Research shows that reversed hippocampal replay more frequently represents novel as opposed to familiar environments. This effect, measured by coactivations of cell pairs, was more pronounced on the first day of exposure to a novel environment than on subsequent days.
Generative adversarial networks serve as a way to construct images and scenarios. In a way, however, GANs decode information.

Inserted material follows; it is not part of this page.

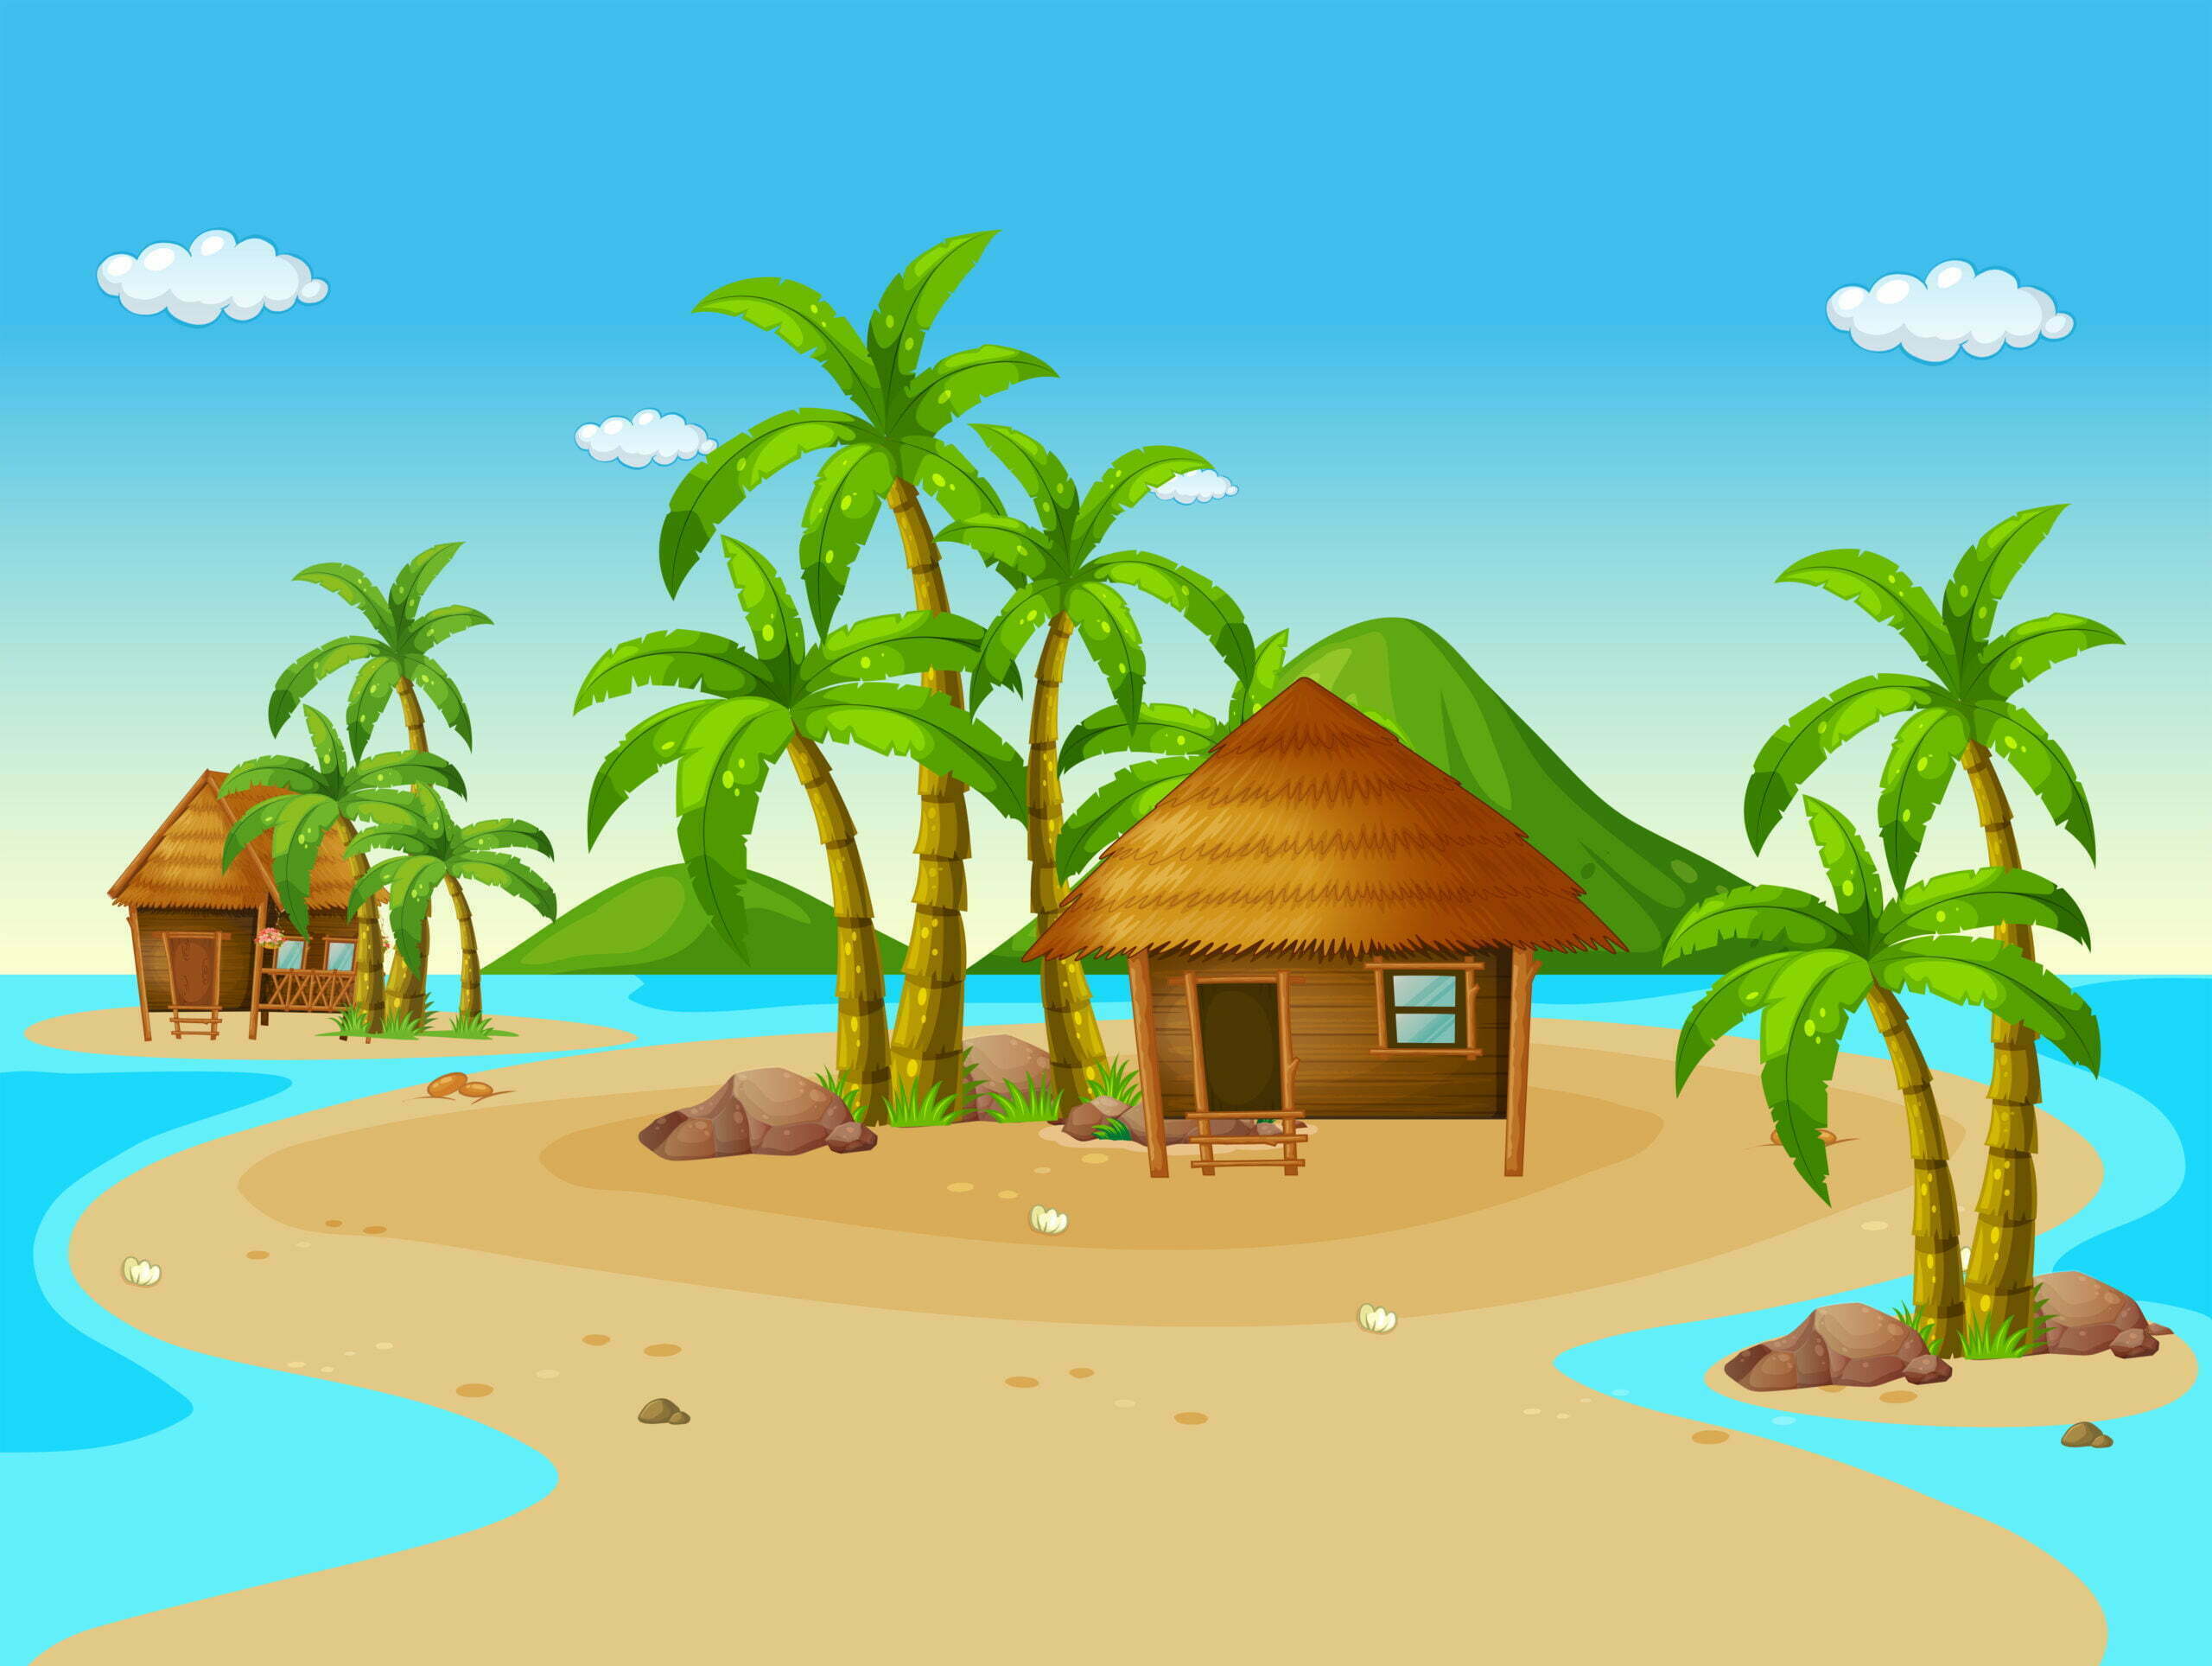 Scene with wooden huts on island

Techniques exist to generate images based on a few parameters. For example, they can generate images of a smiling woman.
Similarly, the process of remembering or imagining the future, which is done by the hippocampus, is sometimes activated by the prefrontal cortex and is seen as decoding information with parameters. GANs consist of two neural networks, one that encodes information and the other that decodes it. In the same way, the human brain has two circuits that encode information from the hippocampus to the prefrontal cortex and decode information in the other direction. It will be no surprise if the same mechanism that trains GANs (and autoencoders) is done in the human brain.
GANs could serve to simulate the real world and are already used to create reproduced images and videos. The problem is that most of the best AI systems are made for game engines. Some argue that the reason why AI systems work so well in games is that game engines are their own version of the world. That means that AI systems can practice and learn in a virtual environment.
In the real world, for example, a self-driving system cannot drive a car off a cliff thousands of times to learn. In fact, a car driving off a cliff is already fatal, and a system that drives off a cliff once cannot work in the real world. Some say that to train an artificial intelligence system, it is necessary to train it in a simulated world. For supervised and unsupervised learning algorithms, the system must see at least 1,000 examples of what itโs trying to learn. Reinforcement learning algorithms also must practice and learn through many cases. Either researchers must create more efficient algorithms that can learn with fewer examples or reproduce many situations in which the system can acquire experience.
For games, you can use the game engine itself to train the system since all the constraints are defined there and already simulate many of these possible scenarios. So, if you design an AI agent to perform in a game, the agent can play multiple different variations that it wants to test and figure out the best move it should make in the future.
The problem with AI agents in the real world is that they are much more challenging to simulate compared to a game. No clear way exists of creating the real world and testing a few hypotheses. GANs might help solve this problem. LeCun is already using them to create future predictions of video frames. They may end up being used for more long-term predictions of the future. And, it would not be a coincidence that the brain also uses the same system for imagination and memory recall.
Humans may run simulations in their minds of possible scenarios and learn from those scenes. For example, they can imagine driving a car and the different situations that would arise based on the actions that they take. What would happen if they turn left instead of right? Some people argue that for computers to function as well as humans, they need to perform something similar. That means that they, with a few variables like turning left or right, can simulate and imagine the scenario and play it out to figure out the best action to take in the future based on that situation.